Almeirim, Ribatejo, Portugal
The stone soup of the Ribatejo — a hearty bean and sausage soup whose name comes from the Portuguese folk tale of a hungry friar who convinced villagers to contribute ingredients to his 'stone soup' one by one. The practical dish is a thick soup of red kidney beans, chouriço, farinheira (flour sausage), presunto, onion, potato, and herbs — a poor man's meal elevated by the full complement of local pork products. Sopa da pedra from Almeirim (Ribatejo) has been given Gastronomic Heritage status in Portugal — the town has a festival in its honour and the recipe is formally documented.
Red kidney beans soaked overnight and cooked from raw — canned beans produce an inferior flavour. The sausages are added whole in the last 30 minutes and removed before serving — they flavour the broth and are sliced for serving alongside. The soup should be thick enough to coat a spoon. Serve with cornbread (broa) and a glass of Ribatejo wine.
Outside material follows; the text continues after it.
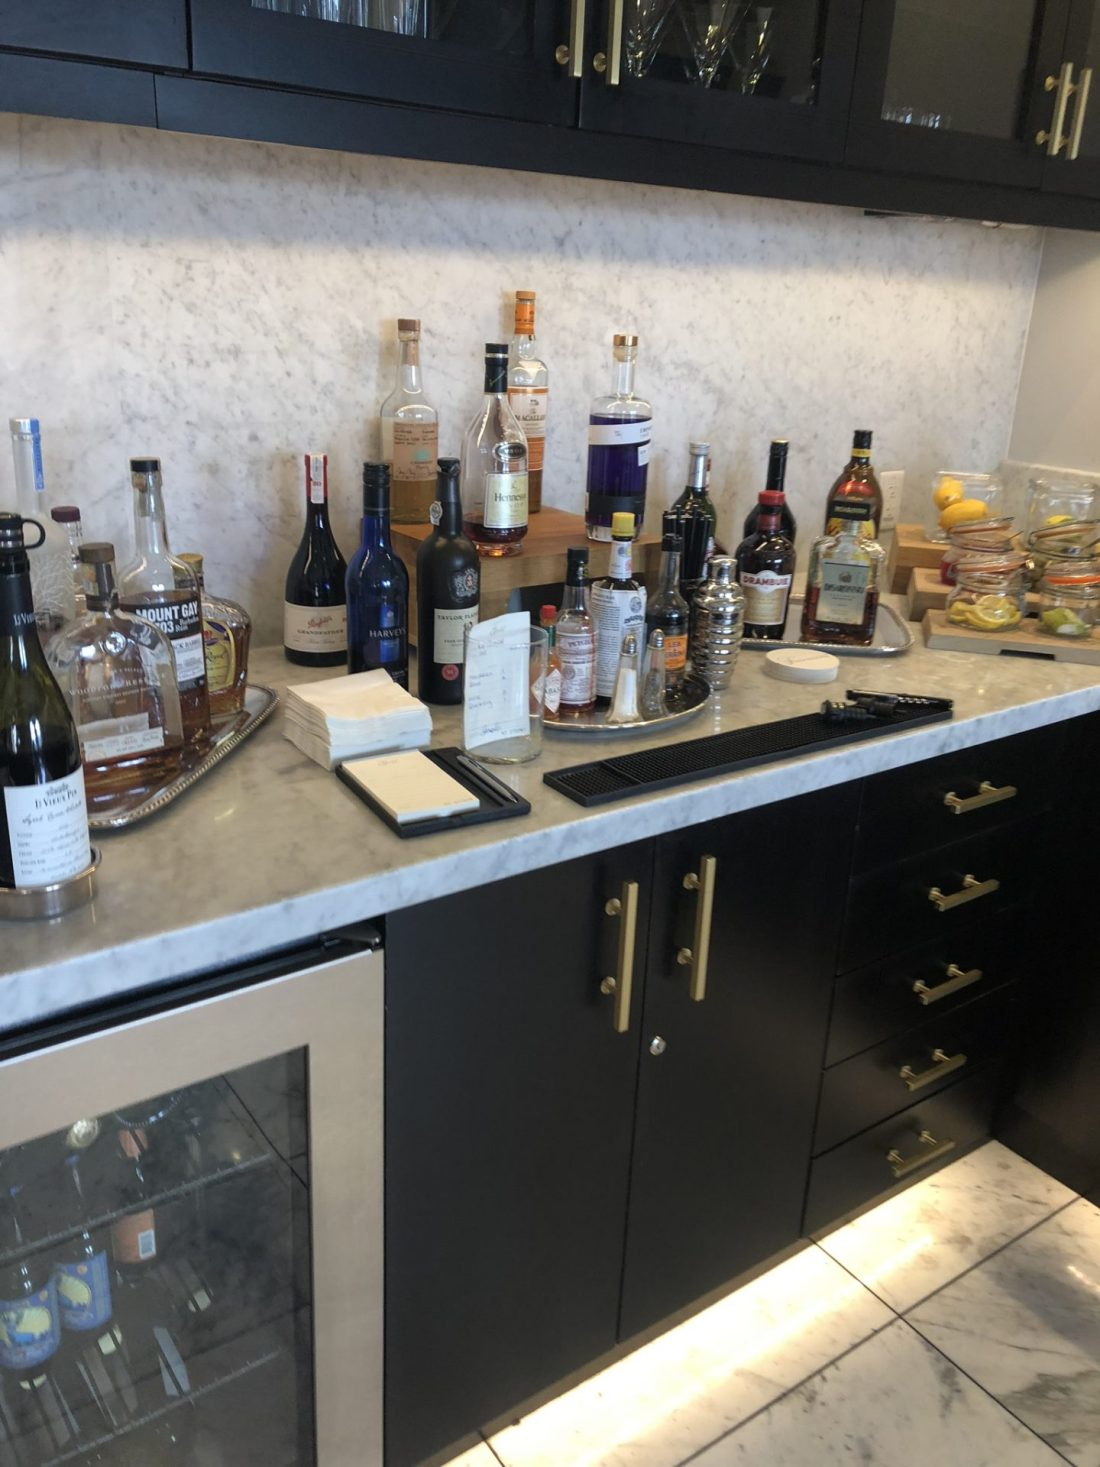 Honesty bar at the Fairmont Empress Gold Lounge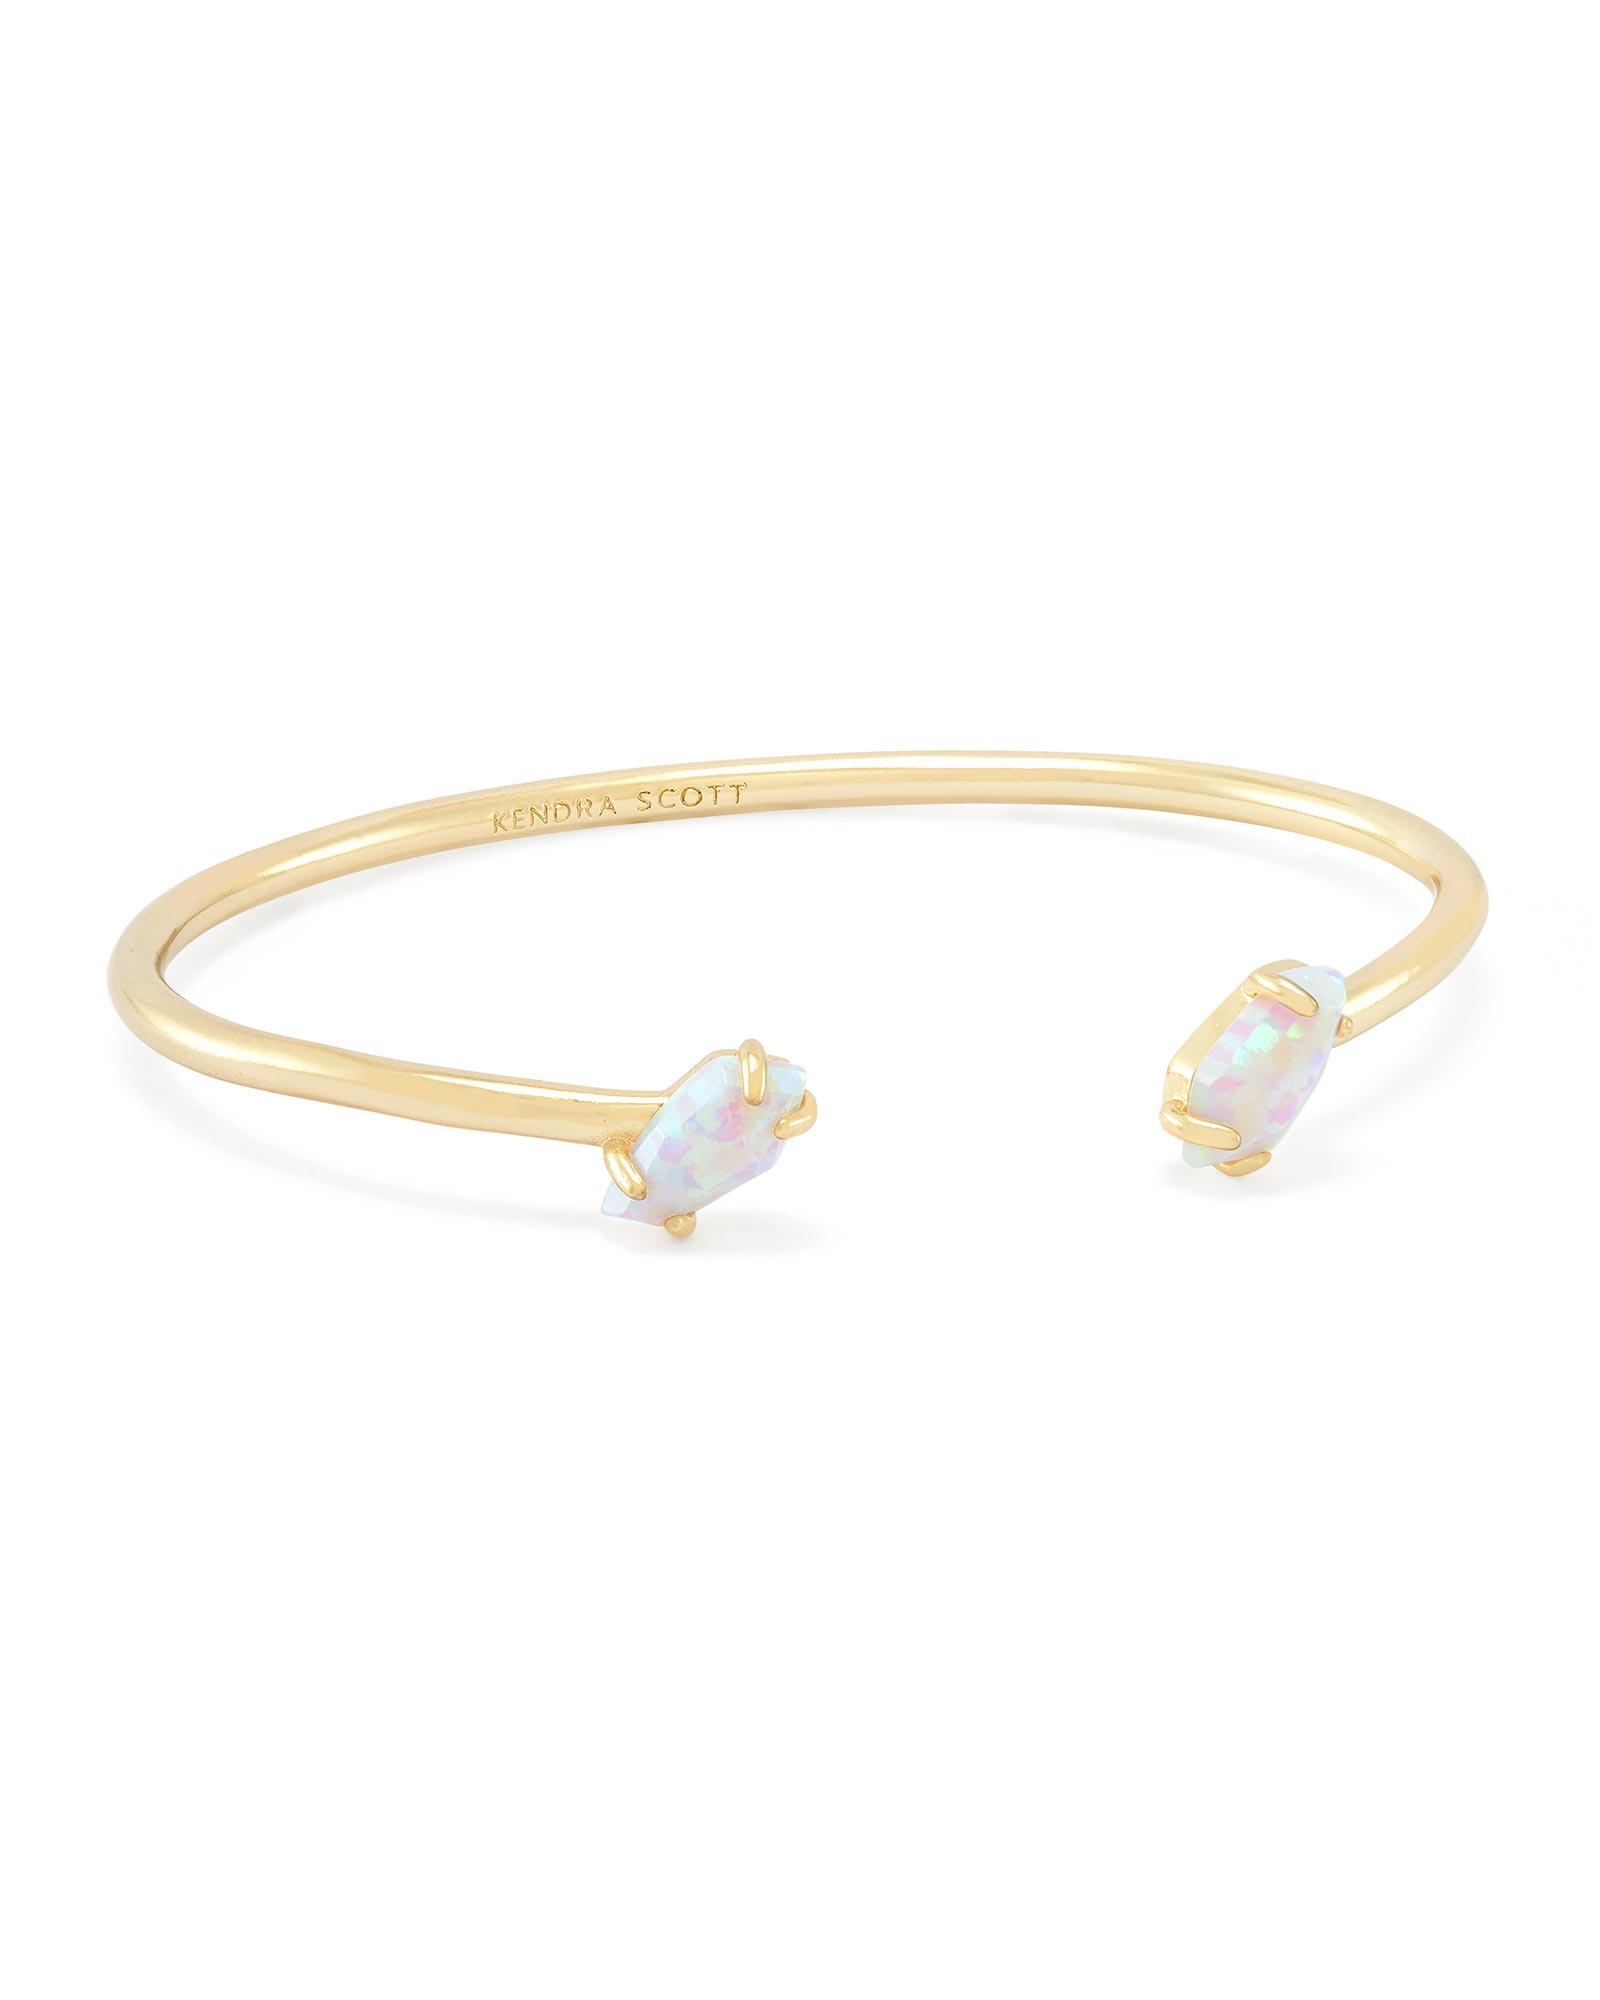 Jackson Pinch Bracelet In White Kyocera Opal

The folk tale of the stone soup is essentially a story about the power of communal cooking — each contributor's ingredient adds to what was offered before. For service, add the stone — a smooth river stone, washed and cleaned — as a garnish and conversation piece. The stone gives nothing flavourwise but the story is the dish. Pair with Ribatejo Castelão or Fernão Pires white.
Starting with canned beans — the broth lacks body. Adding sausages at the beginning — they overcook and lose their character. Under-cooking the beans — they must be very tender. Over-seasoning — the sausages provide significant salt.